The second is that they are not obvious and are unclear. The prospect has a problem but does not know what it is and therefore is unclear about what to do to solve it. One of the great breakthrough areas in modern selling is when you can show customers that they have a problem that they did not know they had, and how you can take that problem away in a cost-effective manner.
The third type of problem is the nonexistent problem. Quite often, when you call on a prospect, seeking a person who has a problem that your product can solve, you find that the customer really does not have that problem at all. They do not need what you are selling. They are doing just fine as they are.
Second, you look for prospects who have a need that has not yet been fulfilled. Needs are what trigger buying desire and buying behavior. Many people have needs but do not know that there is a product you can sell them that would satisfy that need. This is usually why they greet an initial sales approach with words such as, “I’m not interested,” or “I’m not in the market right now.”
Exactly what need does your product or service satisfy that your customer is willing to pay you for?
The third quality of good prospects is that they have a goal that they have not yet been able to achieve. It can be anything from weight loss to financial independence, to higher income and more rapid promotion in their job. What goal can your product or service uniquely help the customer achieve?
One of the best questioning strategies is to ask customers about their long-term goals. The greater clarity that people have about the goals that they wish to achieve, the better prospects they will be and the faster they will buy what you are selling—as long as your product helps them to achieve those goals in a cost-effective way.
Finally, you are looking for a prospect who has a pain, concern, worry, or stress that you can help to alleviate or take away. A simple question such as “What keeps you awake at night?” will often open up a torrent of selling opportunities.
In the final analysis, from the time of the ancient Sumerian markets of 5,000 B.C., customers have only and always bought one thing: improvement.
What improvement in the life or work of your customer does your product or service offer? Customers buy in anticipation of how much better off they will be after they have bought and used your product than they were before they experienced it. You must be clear about the benefit or improvement, and you must make it clear to your customers that they will enjoy that benefit or improvement.
If you sell to businesses, their needs are very simple. They want to either increase their sales and profitability, or to decrease their costs and expenses. They want to save or gain time or money. They want to improve their business operations in some way.
Business customers determine the value of your product or service, and what they are willing to pay, by the difference between the price you charge and the financial benefits they will enjoy as the result. Both must be clear to your prospects before they can make a buying decision.
The good news is that if you ask enough questions and listen carefully to the answers, your prospects will tell you everything you need to know to present your product as the best choice for them, all things considered.
One of the biggest challenges of prospecting is overcoming the fear of rejection. To overcome this fear of rejection, there is a simple technique that you can use. Resolve today to use what I call the “hundred call method.”
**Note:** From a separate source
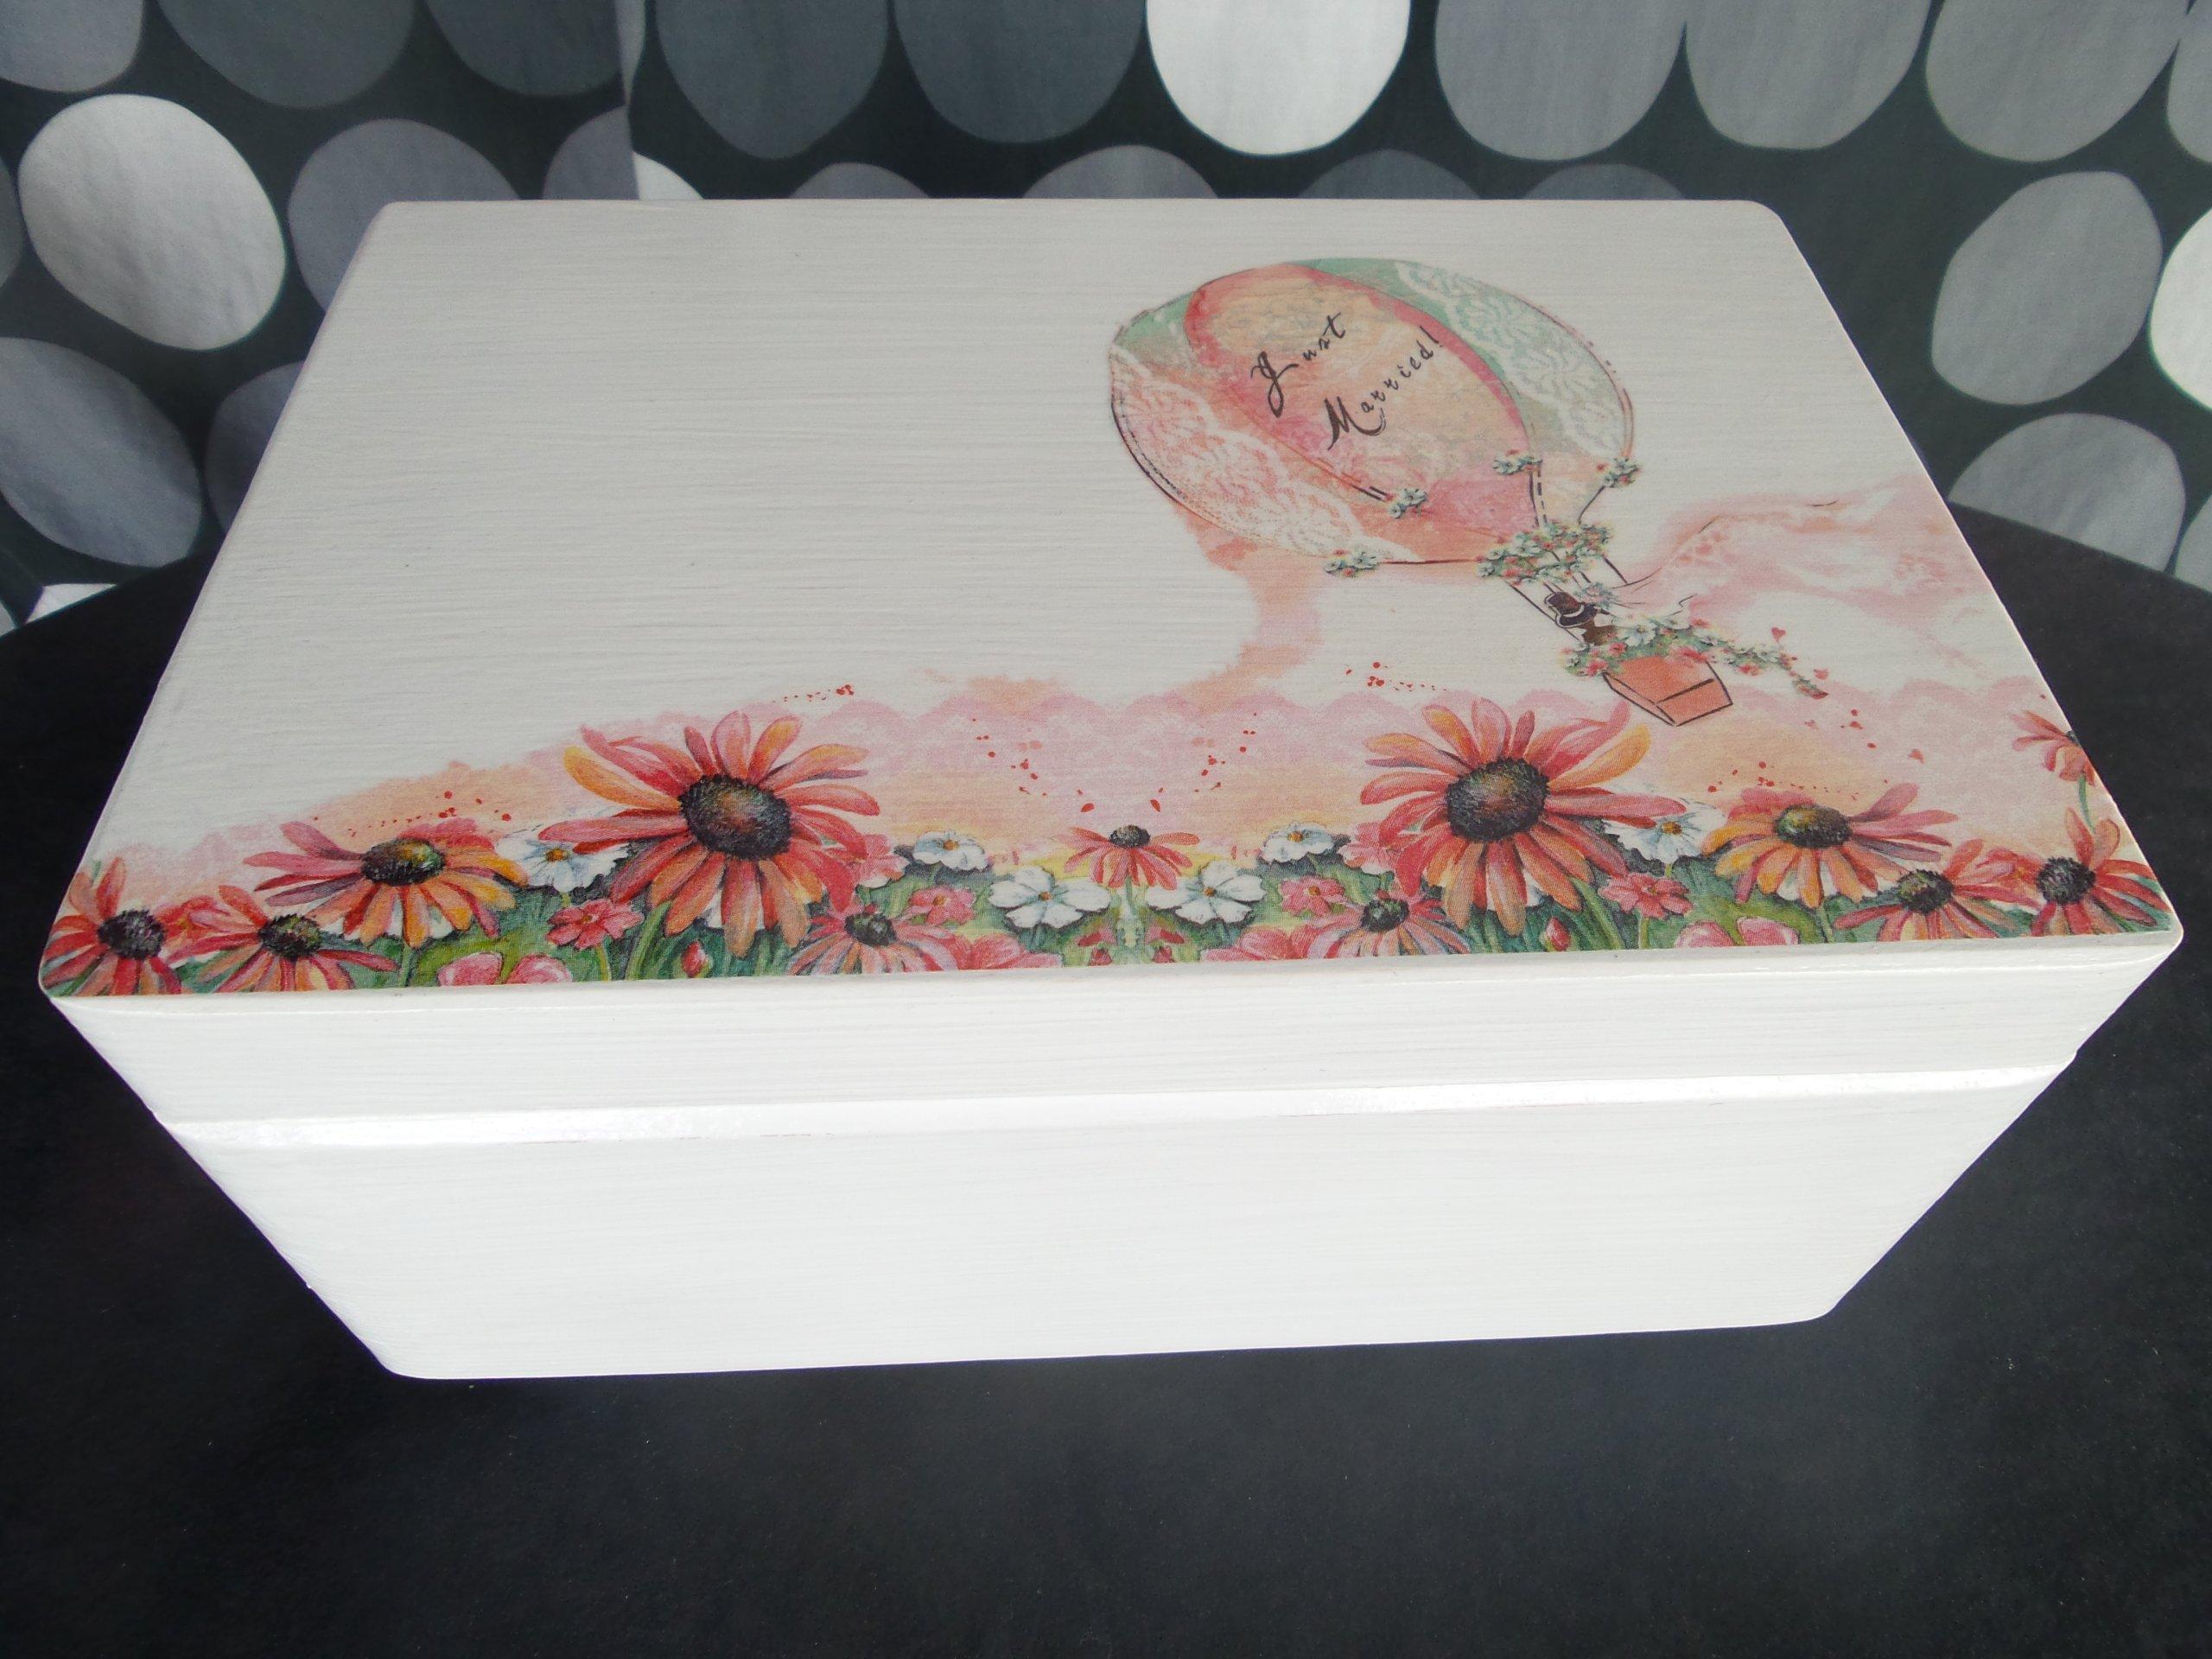 Skrzynka Pudełko na koperty Ślubne Ślub Wesele

This method requires that you go out immediately and call on 100 new prospects as fast as you possibly can. The difference here is that you do not really care very much whether or not they buy. Your focus is on the number of prospects that you call on, not your sales results.
There seems to be a wonderful point of balance between wanting the sale too much and wanting the sale too little. When you achieve that point of balance, where you want the sale but you don’t particularly care if it comes through, you become the most effective salesperson you can possibly be.
When you implement the hundred call method in your life, and you call on 100 different people as quickly as you can, at the end of the process you will have become totally fearless. With regard to rejection, you will have ice water in your veins. You will be totally unafraid of calling on anybody at any time. For the rest of your career you will actually look forward to prospecting because you know that every prospecting call moves you one step closer to a successful sale.
1. Identify your ideal customers, and the problem, need, or goal they have that will cause them to buy from you.
2. Resolve today to double your “face time” and spend more time each day with prospects who can and will buy from you in a short period of time.